My leg was still clotting. The clotting had gone all the way up into my abdomen. We officially requested a transfer to a larger hospital that had more access to specialized vascular equipment. The team got the type 2 HIT under control with argatroban. The next morning, they performed an intense clot evacuation. I still remained a patient in the ICU. The following days were quite a blur as I was experiencing ICU delirium. I required two blood transfusions and was on a PCA pump. Once I finally started to show signs of improvement, I was moved to a regular hospital room.

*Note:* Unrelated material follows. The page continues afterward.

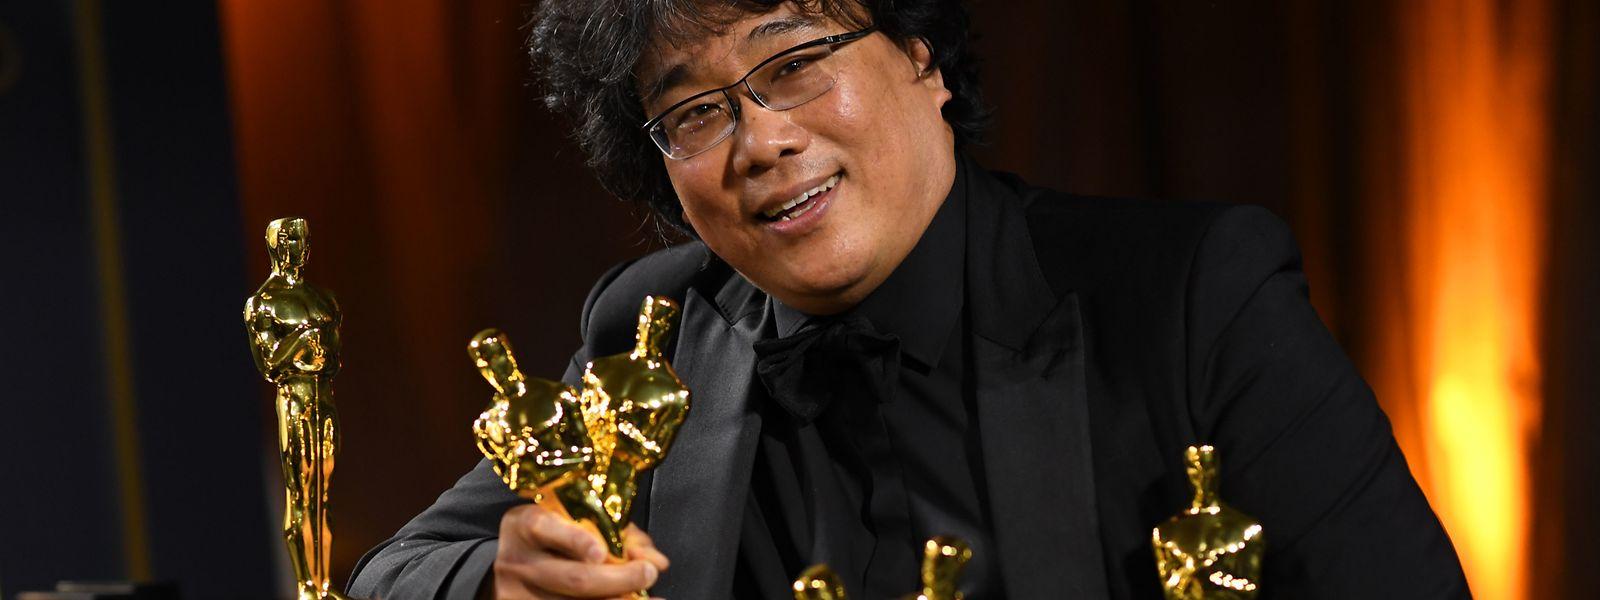 Regisseur Bong Joon Ho mit seinen Auszeichnungen.

I spent a total of 25 days in the hospital during the month of August. I had to learn how to walk again. I was discharged with home health care since I am not strong enough to care for myself after the damage my body sustained. I get around with compression socks and a cane, and I require use of a wheelchair for doctors visits or grocery shopping, since my lungs are still in the early stages of recovery. I’m receiving physical and occupational therapy on a regular basis to help me learn how to function after DVT, PE, and May-Thurner Syndrome.

I’m slowly learning there are positives after these life-altering events. I’m constantly being reminded that I’m lucky to be alive. According to my hospitalist, I had “youth on my side” because if I was any older, the outcome would not have been favorable due to the severity of my situation. I have a long road ahead of me full of weekly blood tests, and many medications to take, such as blood thinners and antiplatelets to prevent any future episodes. I’m taking life one day at a time and learning to appreciate the amount of stress the human body can sustain and overcome despite the odds.

Every day is a struggle, but every day does get easier. I wish I had been more educated about blood clots. I feel as though I wrote them off as an “old person” condition, which is most certainly not the case. I had the perfect storm of factors that caused this situation to happen at my young age, but it was actually a blessing in disguise. May-Thurner Syndrome is a rare vascular condition that is not usually diagnosed without visually looking at the compressed vein. If it wasn’t for my initial surgery to correct my digestive issues in July, this could have gone undiagnosed for years, and maybe my heart would not have been as youthful to save me by that time.

My messages for people who read my story:

  1. Educate yourself. Don’t ever assume you are untouchable from these conditions.
  2. Advocate for yourself. If you know something is wrong with your body, do not stop until you are heard and get answers. Question your doctors. They may have the medical degree, but you know your body best.
  3. DVTs can present as a pulled muscle. Do not wait to seek medical attention. This is treatable if appropriate and timely measures are taken.
  4. May-Thurner Syndrome is not typically diagnosed until after a blood clot occurs.
  5. DVTs, PEs, and May-Thurner Syndrome are life-altering and sometimes deadly conditions, but there is life after blood clots.